Autonomous oversight for any system. One file, one loop, one LLM.
Point it at anything — your server, your application, your infrastructure — and it starts thinking. It observes metrics, asks questions, forms conclusions, and grows new questions it didn't start with. Like having a junior engineer watching your dashboards 24/7, except it never sleeps and it gets smarter over time.
Inspired by nanoGPT — the simplest thing that works.

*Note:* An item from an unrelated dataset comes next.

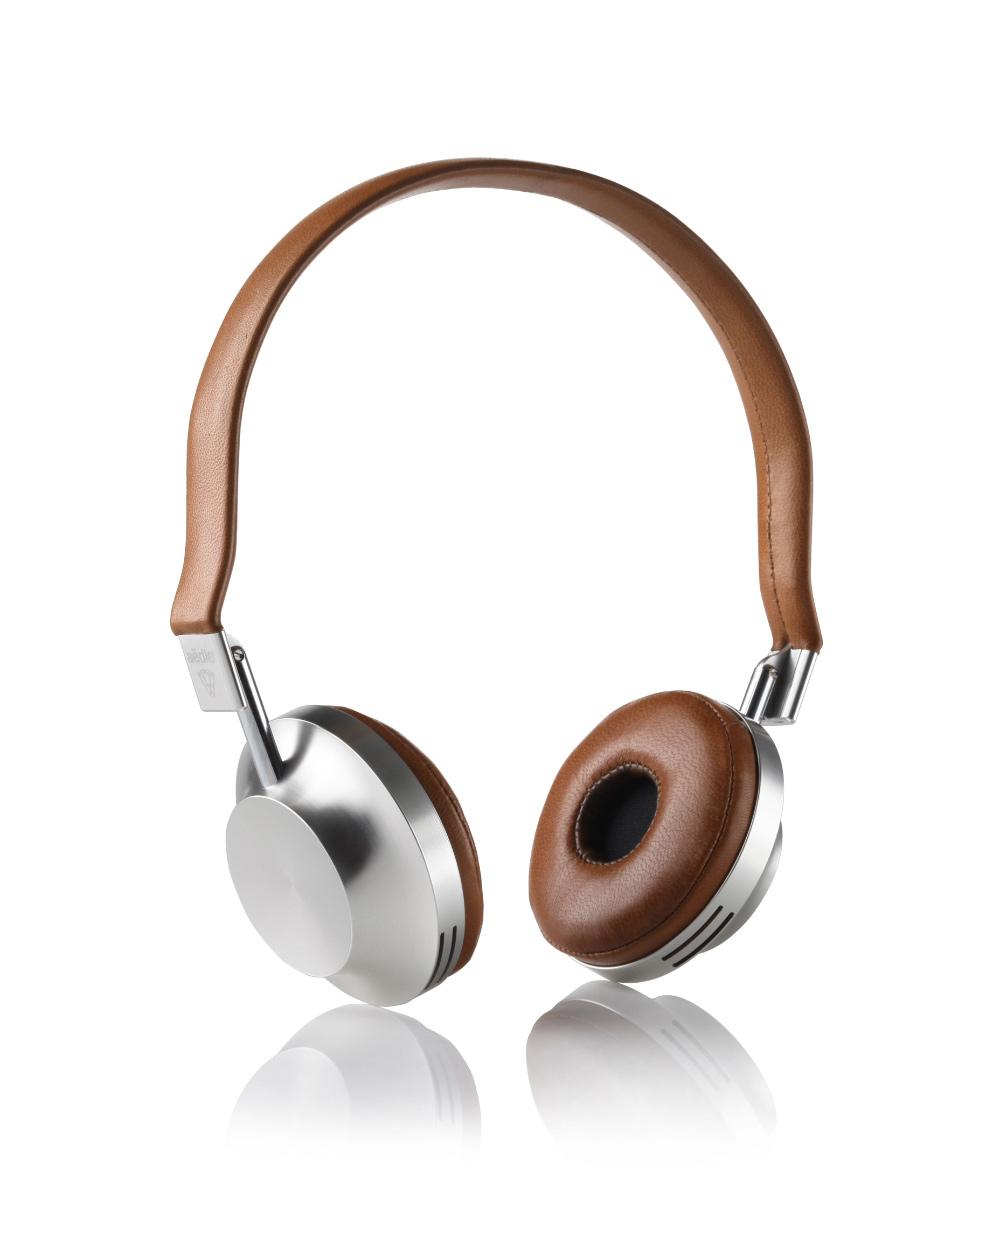 Aedle Valkyrie VK-1 headphones
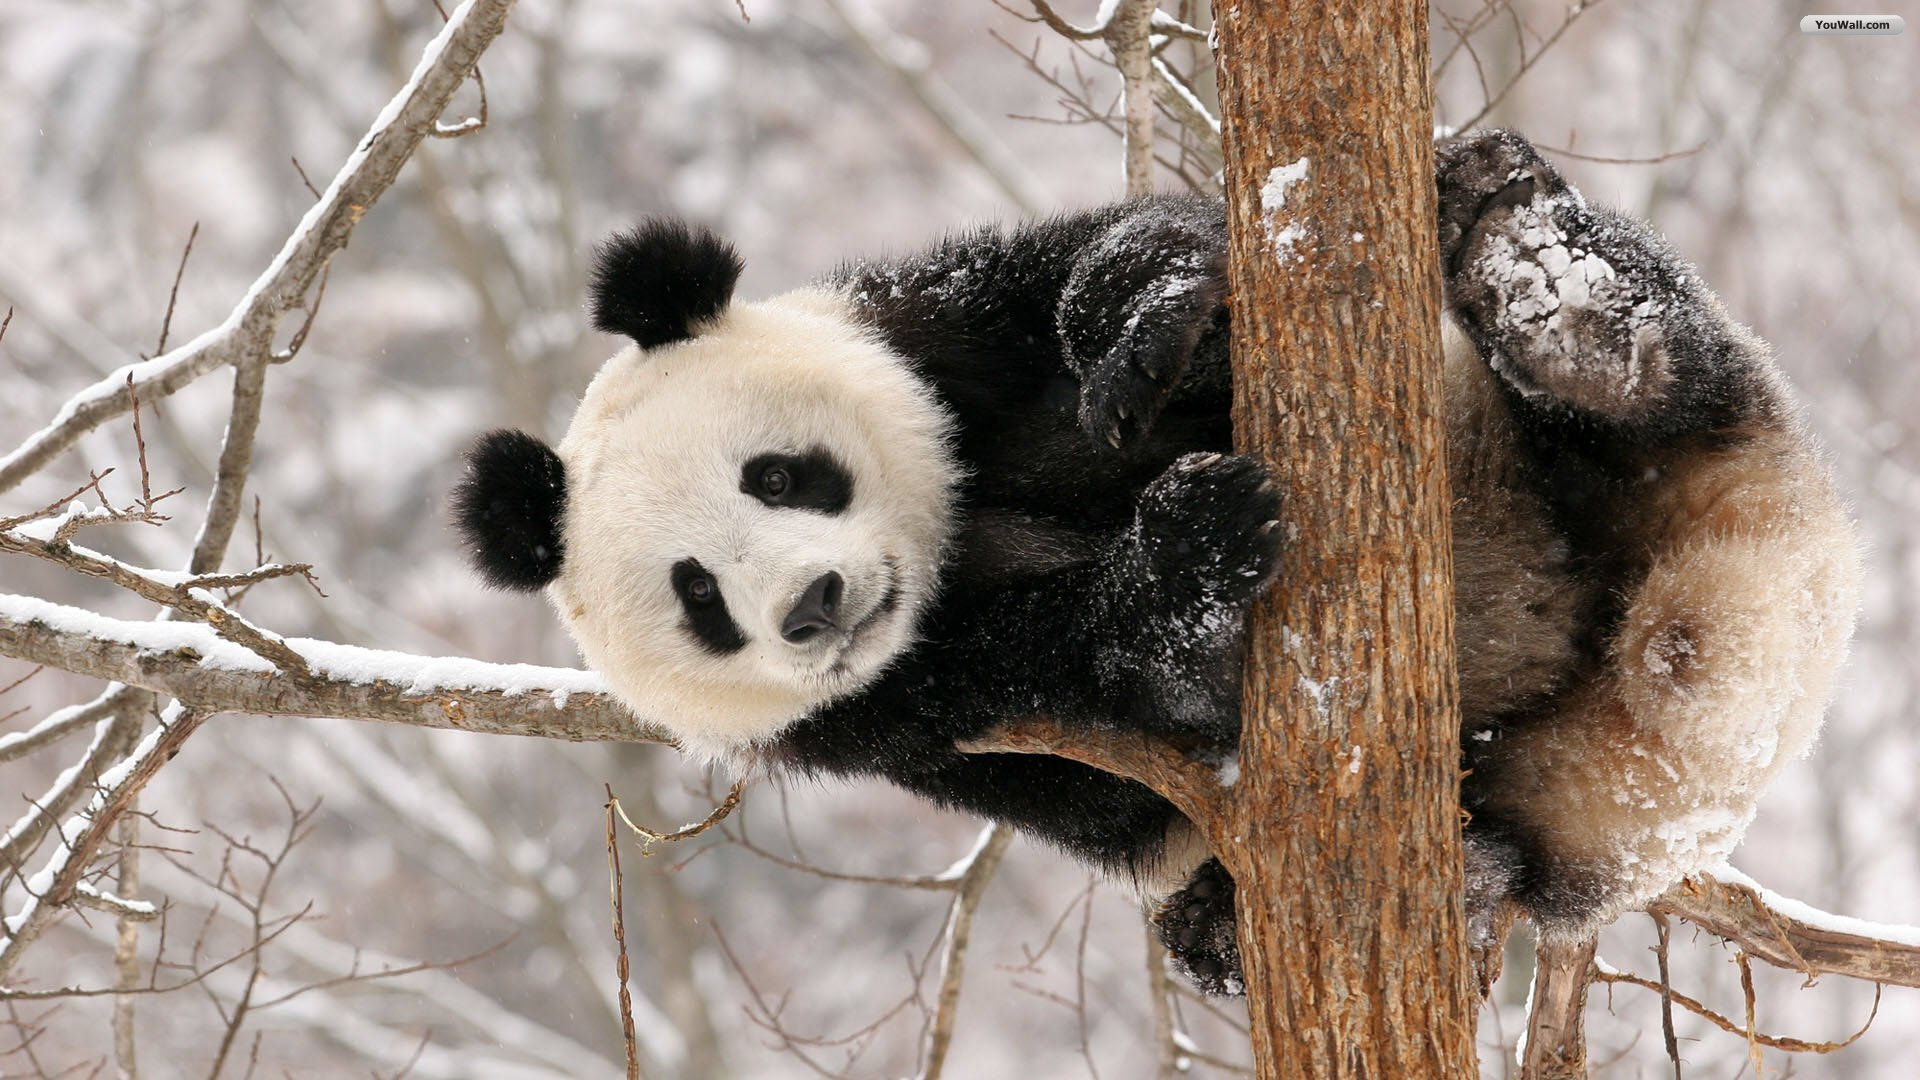 YouWall   Cute Panda Wallpaper   wallpaperwallpapersfree wallpaper 1920x1080

# Install Ollama (or any OpenAI-compatible LLM server)
# https://ollama.ai
# Run system monitor — watches CPU, memory, disk, processes
python3 run.py --domain sysmon
# Use a specific model
python3 run.py --domain sysmon --model llama3.2
# Point at a different LLM endpoint
python3 run.py --domain sysmon --llm-url http://localhost:8080/v1/chat/completions --model my-model
# Run for 10 cycles then stop
python3 run.py --domain sysmon --max-cycles 10 -vNo dependencies. Pure Python stdlib.
Every 60 seconds:
observe() → collect metrics from the domain
think() → pick a question, ask the LLM, store the thought
reflect() → statistical trend detection + LLM pattern extraction → conclusions
grow() → generate new questions, retire stale ones
prune() → delete old data
The engine starts with seed questions from the domain, then evolves its own. Questions that never produce insights get retired. Conclusions that appear repeatedly at high confidence become "settled knowledge" — injected into every future LLM call as permanent context.
- Confidence calibration — the LLM is prompted to be harsh (most honest scores are 0.3-0.5). Prevents the system from convincing itself of noise.
- Repetition penalty — if a thought is too similar to the previous one, confidence is capped. Forces the system to push deeper or admit it's stuck.
- Settle logic — same pattern appearing 2+ times at 0.85+ confidence becomes settled knowledge. The system builds on what it knows.
- Question lifecycle — over-asked questions with no progress get retired. The system stops wasting cycles on dead ends.
nanoversight/
nanoversight.py Core engine — one class, one loop
domain.py Domain plugin ABC + registry
config.py Raw constants
run.py CLI entry point
domains/
sysmon.py System monitor (CPU, memory, disk, processes)
github.py GitHub repo watcher (stars, forks, issues, traffic)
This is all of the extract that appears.